In the divorce, he signed the rights to G.T. over to Debbie, who now maintains the website (with song samples). It never achieved the cultural penetration of, say, Adventures in Odyssey or Veggie Tales, but fans of those franchises would be well-advised to check it out.
If the series had continued, Doug would have wanted it to evolve to speak to older kids with more complex problems. He mentions “Made to Be a V.I.P.,” a later episode that focuses on Christy stepping into a leadership role at school against popular opposition. Doug wrote it after he read a study saying that by fifth grade, girls’ confidence flatlines and does not recover. He wanted to encourage young women to be strong and know their worth.
Now he’s working on another creative project in this vein, something with more sophisticated storytelling. It’s a major challenge. Looking around at the issues and anxieties that teens face, the treacherous online landscape, the increasingly dystopian conditions and indicators of alarm, it’ll take the touch of an angel to make something that can reach them where they are.

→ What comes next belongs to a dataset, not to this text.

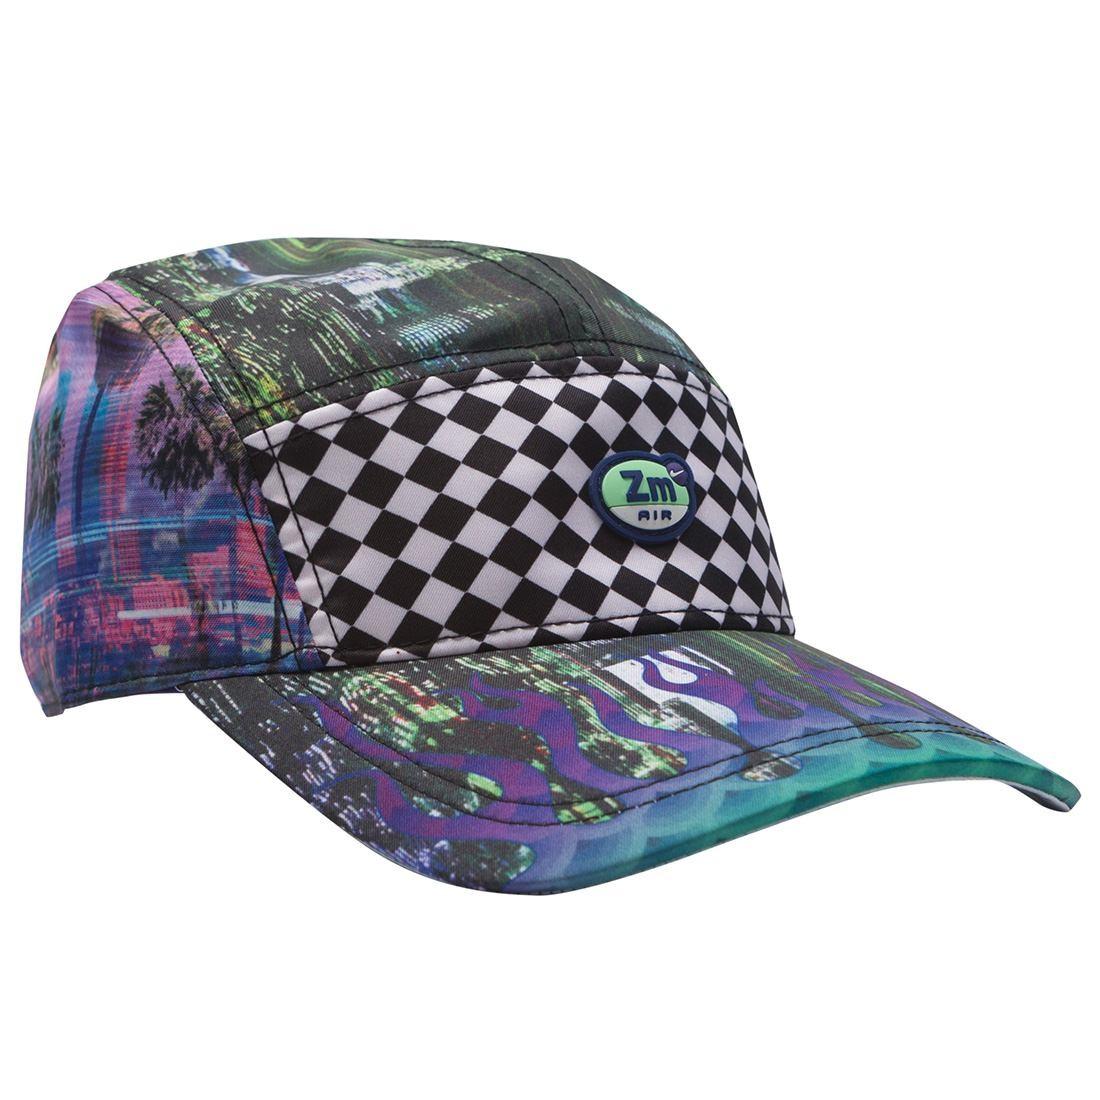 Nike Men Nrg Aw84 Cap Zm Spectrum Qs (court purple) 1S

It is the impossible promise of the Gospel that no one is beyond hope.
I think about the kinds of bullies online and at large now, and wonder, like Michael with his Billy holograph, if engaging them in fiction honestly has any bearing on their actions in real life. Out here, it seems like “killing them with kindness” just makes you a chump. Do people, can people really change?
It is the impossible promise of the Gospel that they can, that no one is beyond hope. And more than that, that God loves them – loves us – no matter what.
Michael Donley learned the limits, or the limitlessness, of this notion when he lost his own son Lewis, a kind and funny sixteen-year-old who died by suicide in 2016. In this time, one of Donley’s own songs that he composed came bubbling up to meet him in his grief: “Jeremiah 29:11: ‘For I know the plans I have for you,’ declares the Lord, ‘plans to prosper you and not to harm you, plans to give you hope and a future.’” In “Made to Be a V.I.P.,” this comes at an optimistic moment, with no tragic undertones at all. It’s the sort of ballad that is sung at graduation ceremonies. The talk of hope and a future might seem a bitter irony. But what Donley heard in it was another promise: even in this, even now, he and Lewis are still in God’s care.
In truth, the themes approached in G.T. aren’t any smaller or less difficult for being geared to a young age. The series was born from one of a parent’s darkest nightmares, and came to an end among all-too-adult circumstances. Along the way, it took on questions that only grow more aching with time. Am I valued as a person? Is there any end to this hard slog – a finish line, a savior? Will my restless heart ever find what it’s looking for? Is there purpose within suffering? Is someone watching over us, or are we on our own?
The answers are all there in the songs. But it takes faith like a child’s to accept them.